Forum Moderators: coopster & phranque

Message Too Old, No Replies

Global Sniffing

         

toolman

6:46 pm on Nov 25, 2001 (gmt 0)

WebmasterWorld Senior Member 10+ Year Member



I have a site that is sitting on top and for legal reasons the company can no longer use the domain name.
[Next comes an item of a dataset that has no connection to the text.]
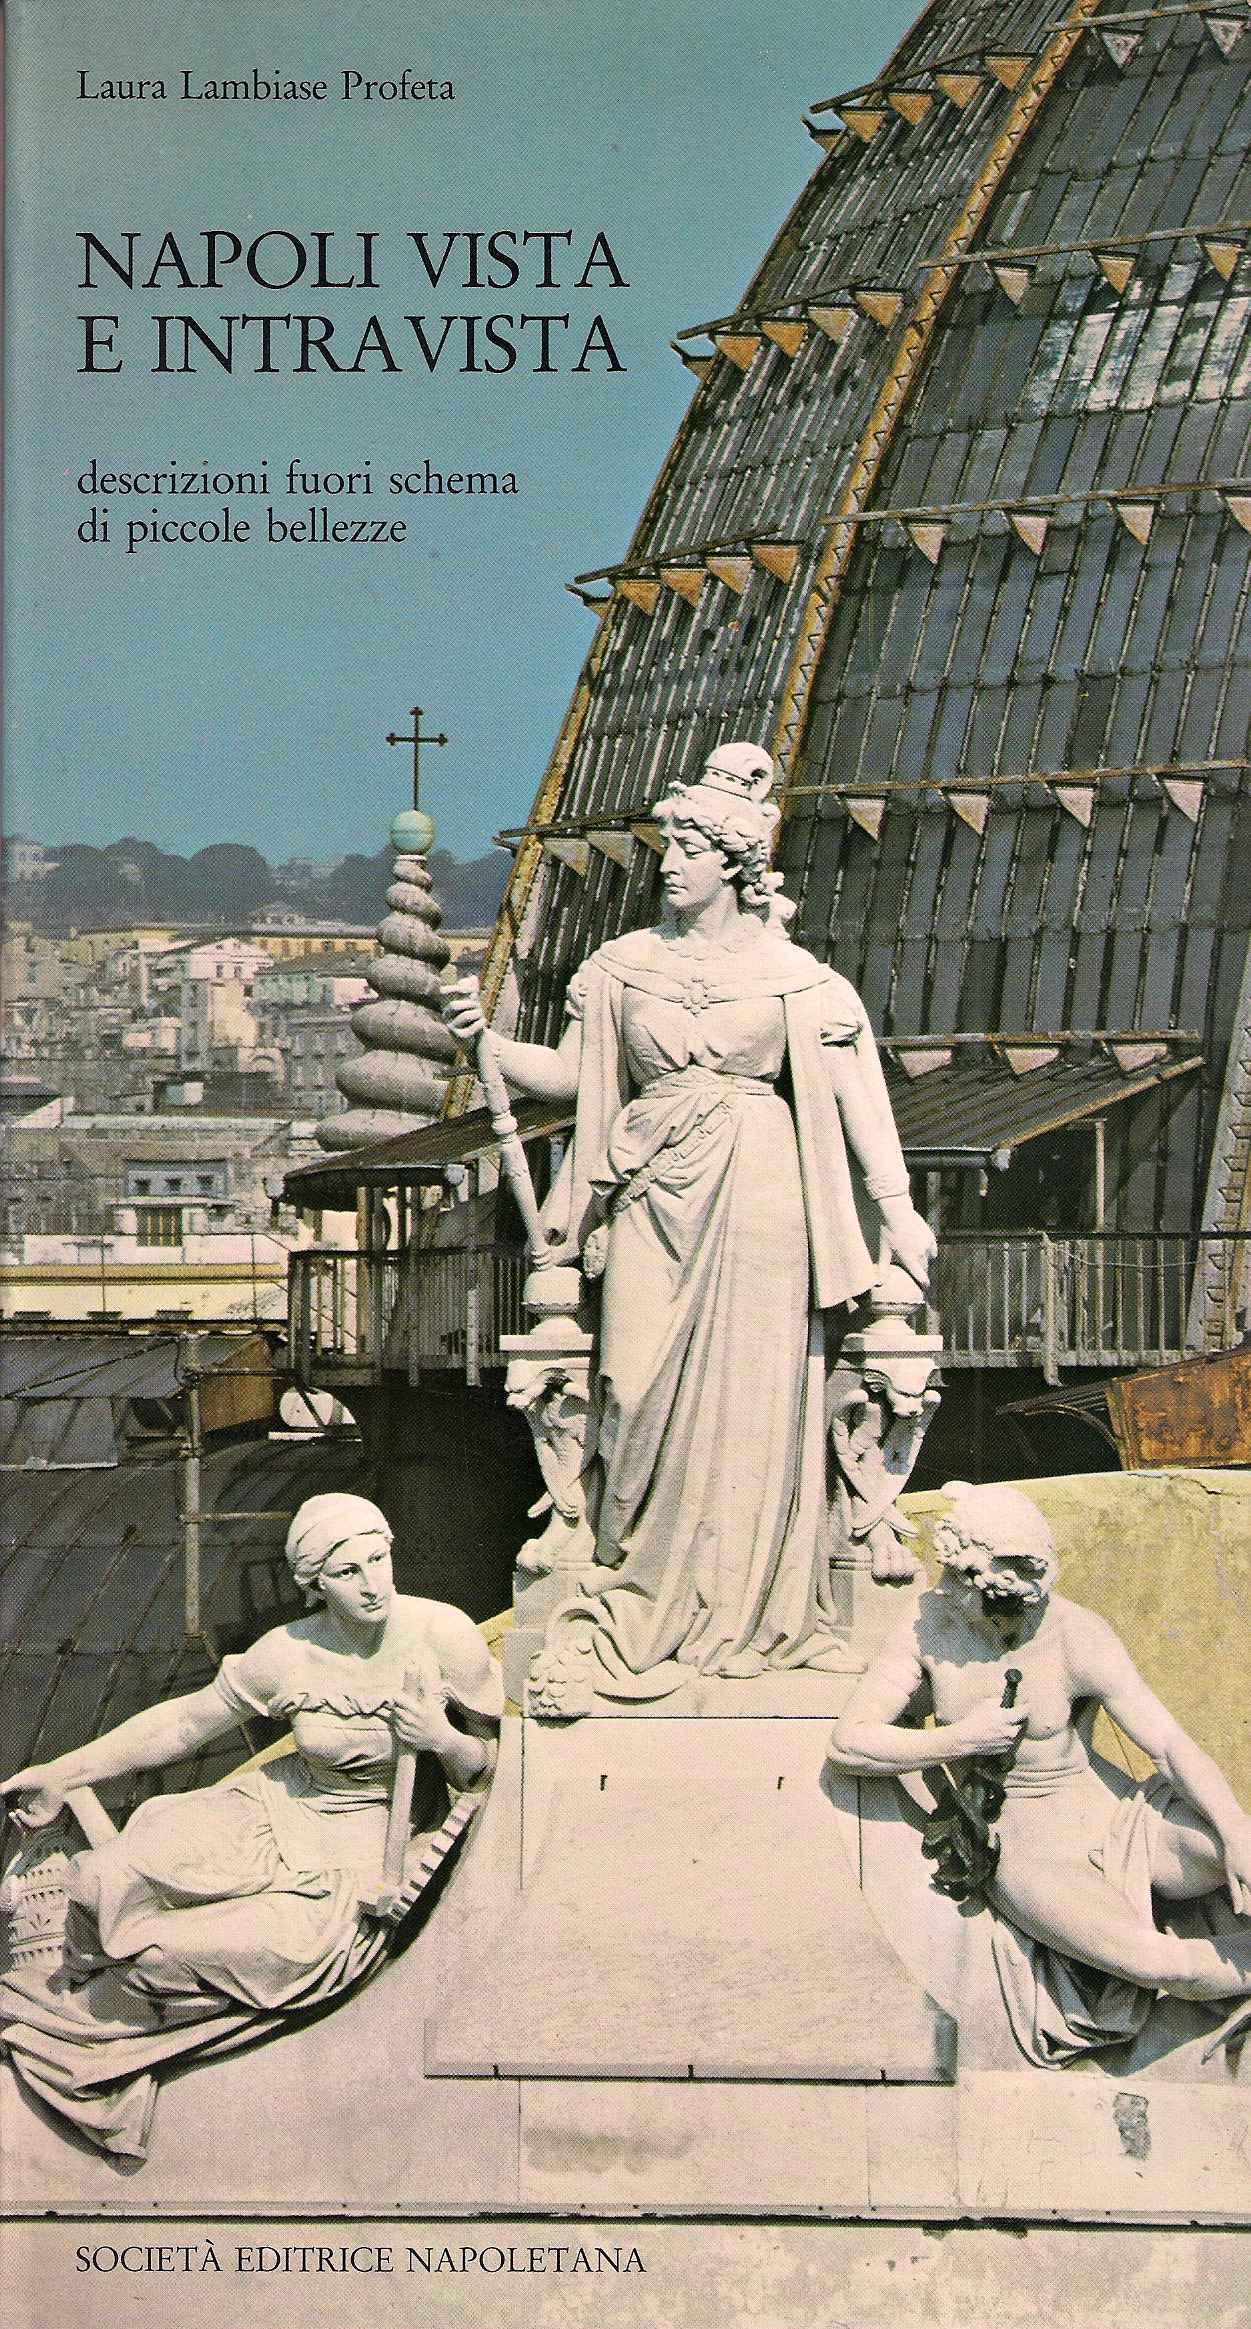 Napoli vista e intravista
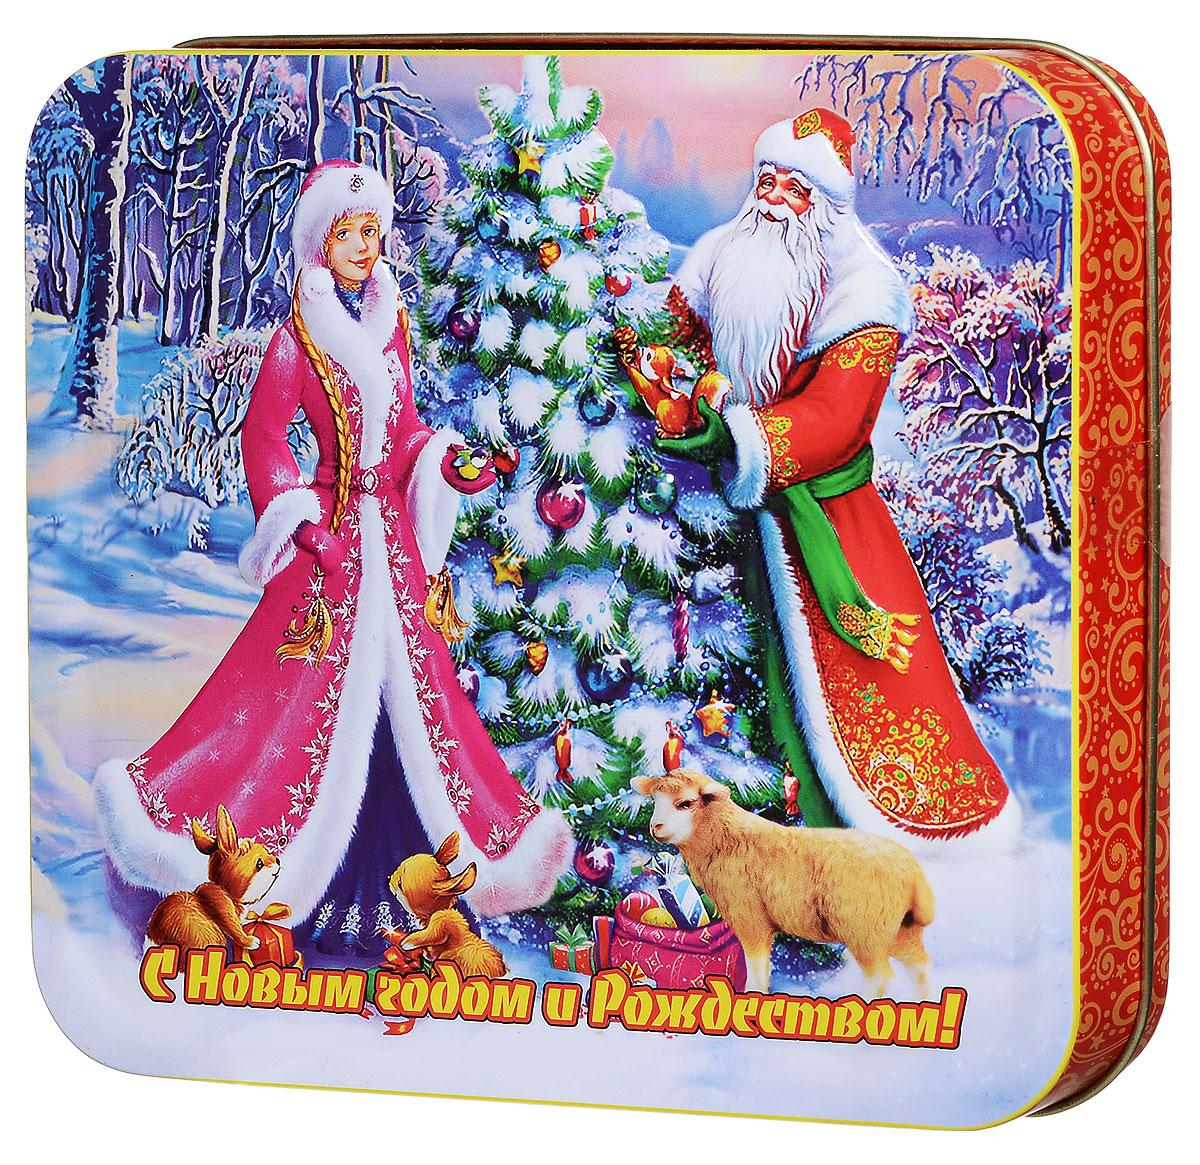 Дольче Вита Дед Мороз со Снегурочкой черный листовой чай, 100 г дольче вита с рождеством христовым черный листовой чай 170 г

I'm wondering if there is a method to global sniff for browser requests to present them a "site shut down" page while at the same time allowing spiders free reign so maybe I can get a few more months of pulling up my buddys from below.

Key_Master

10:09 pm on Nov 25, 2001 (gmt 0)

WebmasterWorld Senior Member 10+ Year Member



allowbots.pl

#!/usr/local/bin/perl

$agent = $ENV{'HTTP_USER_AGENT'};
@robot = ("googlebot","scooter","gulliver"); # Robots Party List
foreach $allow (@robot) {
if (lc($agent) =~ /$allow/) {
$allow = 1;
}
}
if ($allow == 1) {
print "Pragma: no-cache\n";
print "Location: [send_spiders_here.com\n\n";...]
}
else {
print "Pragma: no-cache\n";
print "Location: [send_browsers_here.com\n\n";...]
}
exit;

Here's something I threw together which you could use to replace the index page. It's not global though. That would have to do be done through .htaccess, if I understand your question correctly.

ggrot

10:21 pm on Nov 25, 2001 (gmt 0)

WebmasterWorld Senior Member 10+ Year Member



That is also redirecting spiders. Yeah, what you need to use is really .htaccess files.

littleman

10:39 pm on Nov 25, 2001 (gmt 0)



Perhaps think of it as browser exclusion instead of bot inclusion. Maybe deny all that has Mozilla + (referer, keep-alive, or gzip encoding), that will get virtually all the bots through, but exclude all but the most esoteric browsers.

toolman

10:59 pm on Nov 25, 2001 (gmt 0)

WebmasterWorld Senior Member 10+ Year Member



Thanks Key_Master.
Little you know really all I'm worried about is google so banning by ua shouldn't be a problem. Is there a regex that would drop all but googlebot?

littleman

11:03 pm on Nov 25, 2001 (gmt 0)



.htaccess or perl? Also, google is playing a bit of ua games, so you better do IP and ua.

toolman

11:07 pm on Nov 25, 2001 (gmt 0)

WebmasterWorld Senior Member 10+ Year Member



>>>>google is playing a bit of ua games

Oh yeah? I've not been on the cutting edge for a month or so. I do have a list of ip and ua's though. Could it be done globally from .htaccess? I have mod_rewrite too.

littleman

11:47 pm on Nov 25, 2001 (gmt 0)



>.htaccess

SetEnvIf User-Agent "googlebot" googlebot=1
Order Allow,Deny
Allow from [google class C here]
Allow from [another google class C here]
Allow from env=googlebot

That will work, you could use truncated IPs to work with class Cs like this:
Allow from 222.111.222

You know they are reading this right?

rcjordan

11:53 pm on Nov 25, 2001 (gmt 0)

WebmasterWorld Senior Member 10+ Year Member



>You know they are reading this right?

We're redirecting them, LM. Google gets served this thread as toolman's recipe for holiday egg nog. ;)

toolman

1:24 am on Nov 26, 2001 (gmt 0)

WebmasterWorld Senior Member 10+ Year Member



OOOps. I guess I better not do this at toolman.com ;)